- [Input material]:
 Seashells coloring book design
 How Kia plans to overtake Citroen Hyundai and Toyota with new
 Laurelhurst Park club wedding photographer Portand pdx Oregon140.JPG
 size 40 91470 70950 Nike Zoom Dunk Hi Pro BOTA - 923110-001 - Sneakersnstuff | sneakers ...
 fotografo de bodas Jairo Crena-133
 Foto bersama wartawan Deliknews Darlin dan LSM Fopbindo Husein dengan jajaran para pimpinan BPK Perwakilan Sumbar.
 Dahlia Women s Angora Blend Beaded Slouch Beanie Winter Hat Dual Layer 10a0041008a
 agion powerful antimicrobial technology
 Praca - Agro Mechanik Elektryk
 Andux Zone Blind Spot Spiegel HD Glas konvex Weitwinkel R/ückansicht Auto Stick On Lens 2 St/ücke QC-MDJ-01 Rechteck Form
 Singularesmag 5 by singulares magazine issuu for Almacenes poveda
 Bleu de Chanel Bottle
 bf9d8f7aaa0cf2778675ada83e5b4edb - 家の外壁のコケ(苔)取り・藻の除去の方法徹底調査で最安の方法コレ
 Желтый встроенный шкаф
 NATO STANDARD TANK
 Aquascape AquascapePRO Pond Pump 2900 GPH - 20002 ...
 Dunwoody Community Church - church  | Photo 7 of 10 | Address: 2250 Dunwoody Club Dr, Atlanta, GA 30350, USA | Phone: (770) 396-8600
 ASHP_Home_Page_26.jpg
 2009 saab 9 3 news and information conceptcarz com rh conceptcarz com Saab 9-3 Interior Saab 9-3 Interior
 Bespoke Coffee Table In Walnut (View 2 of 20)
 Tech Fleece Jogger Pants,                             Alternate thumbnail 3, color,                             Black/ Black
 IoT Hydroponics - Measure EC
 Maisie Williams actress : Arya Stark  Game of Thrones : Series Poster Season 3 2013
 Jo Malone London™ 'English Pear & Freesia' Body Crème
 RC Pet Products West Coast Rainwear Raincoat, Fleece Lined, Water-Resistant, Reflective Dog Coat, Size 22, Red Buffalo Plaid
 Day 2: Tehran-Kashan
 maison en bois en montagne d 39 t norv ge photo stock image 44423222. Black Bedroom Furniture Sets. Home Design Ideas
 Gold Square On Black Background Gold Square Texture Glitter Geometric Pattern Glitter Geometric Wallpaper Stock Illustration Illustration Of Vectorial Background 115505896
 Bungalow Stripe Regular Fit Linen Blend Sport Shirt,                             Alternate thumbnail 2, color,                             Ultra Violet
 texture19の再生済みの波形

- [Required action]: Write out the listing exactly from its first line to the line containing "Andux Zone Blind". Both of those lines belong in the answer.

- [Response box]:
 Seashells coloring book design
 How Kia plans to overtake Citroen Hyundai and Toyota with new
 Laurelhurst Park club wedding photographer Portand pdx Oregon140.JPG
 size 40 91470 70950 Nike Zoom Dunk Hi Pro BOTA - 923110-001 - Sneakersnstuff | sneakers ...
 fotografo de bodas Jairo Crena-133
 Foto bersama wartawan Deliknews Darlin dan LSM Fopbindo Husein dengan jajaran para pimpinan BPK Perwakilan Sumbar.
 Dahlia Women s Angora Blend Beaded Slouch Beanie Winter Hat Dual Layer 10a0041008a
 agion powerful antimicrobial technology
 Praca - Agro Mechanik Elektryk
 Andux Zone Blind Spot Spiegel HD Glas konvex Weitwinkel R/ückansicht Auto Stick On Lens 2 St/ücke QC-MDJ-01 Rechteck Form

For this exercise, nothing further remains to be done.